Section 10. Method of Voting. Any stockholder having the right to vote at a meeting of the stockholders, or to express consent or dissent without a meeting, will be entitled to vote in person, or by proxy appointed by an instrument in writing subscribed by such stockholder and bearing a date not more than three years prior to such meeting, or such expression of consent or dissent without a meeting, unless such instrument provides for a longer period. Each proxy will be revocable unless expressly provided therein to be irrevocable and if, and only as long as, it is coupled with an interest sufficient in law to support an irrevocable power. A proxy may be made irrevocable regardless of whether the interest with which it is coupled is an interest in the stock itself or an interest in the Corporation generally. The authority of the holder of a proxy to act shall not be revoked by the incompetence or death of the stockholder who executed the proxy, unless before the authority is exercised, written no tice of an adjudication of such incompetence or of such death is received by the Secretary or any Assistant Secretary. Such proxy will be filed with the Secretary of the Corporation prior to or at the time of the meeting. Voting at a meeting on any question or in any election, other than for directors, may be by voice vote or show of hands unless the presiding officer orders, or any stockholder demands, that voting be by written ballot.

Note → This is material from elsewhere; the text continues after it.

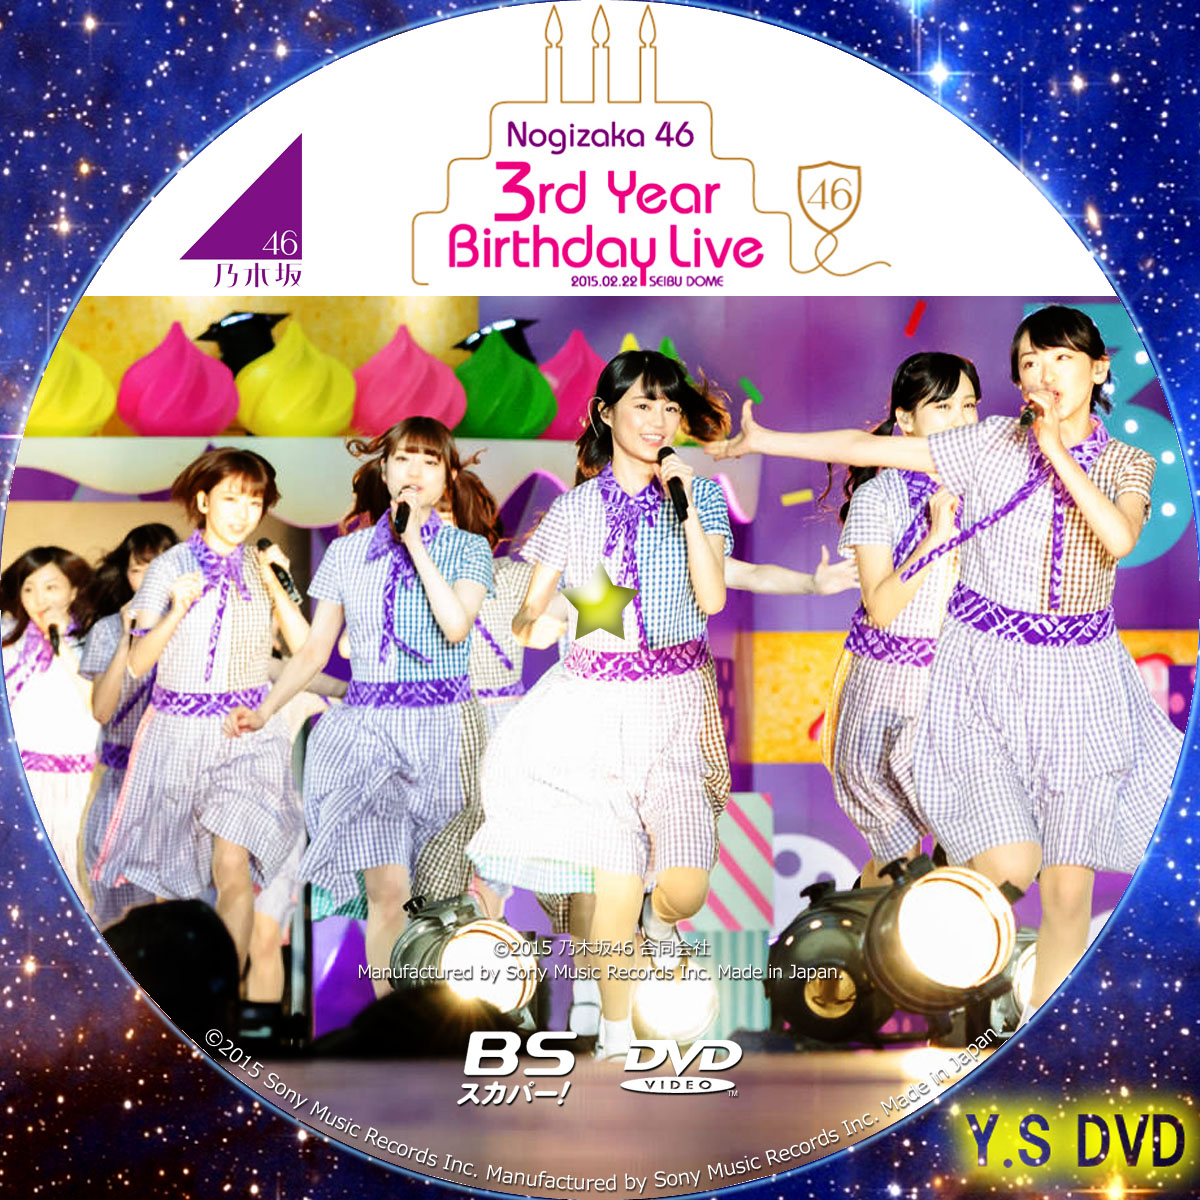 乃木坂46 3rd YEAR BIRTHDAY LIVE DVD www.krzysztofbialy.com

Section 11. Record Date. The Board of Directors may fix in advance a record date for the purpose of determining stockholders entitled to notice of or to vote at a meeting of stockholders, or to express consent to or dissent from any proposal without a meeting, or for the purpose of determining stockholders entitled to receive payment of any dividend or the allotment of any rights, or for the purpose of any other action. Such record date will not precede the date upon which the resolution fixing the record date is adopted by the Board of Directors, and such record date will not be less than ten nor more than sixty days prior to such meeting, nor more than sixty days prior to any other action. In the absence of any action by the Board of Directors, the close of business on the date next preceding the day on which the notice is given will be the record date, or, if notice is waived, the close of business on the day next preceding the day on which the meeting is held will be the record date.

When a determination of stockholders of record entitled to notice of or to vote at any meeting of stockholders has been made as provided in this Section, such determination shall apply to any adjournment thereof, unless the Board of Directors fixes a new record date for the adjourned meeting.

Section 12. Advance Notice of Stockholder Nominees for Director and Other Stockholder Proposals.

(a) The matters to be considered and brought before any annual or special meeting of stockholders of the Corporation shall be limited to only such matters, including the nomination and election of directors, as shall be brought properly before such meeting in compliance with the procedures set forth in this Section 12.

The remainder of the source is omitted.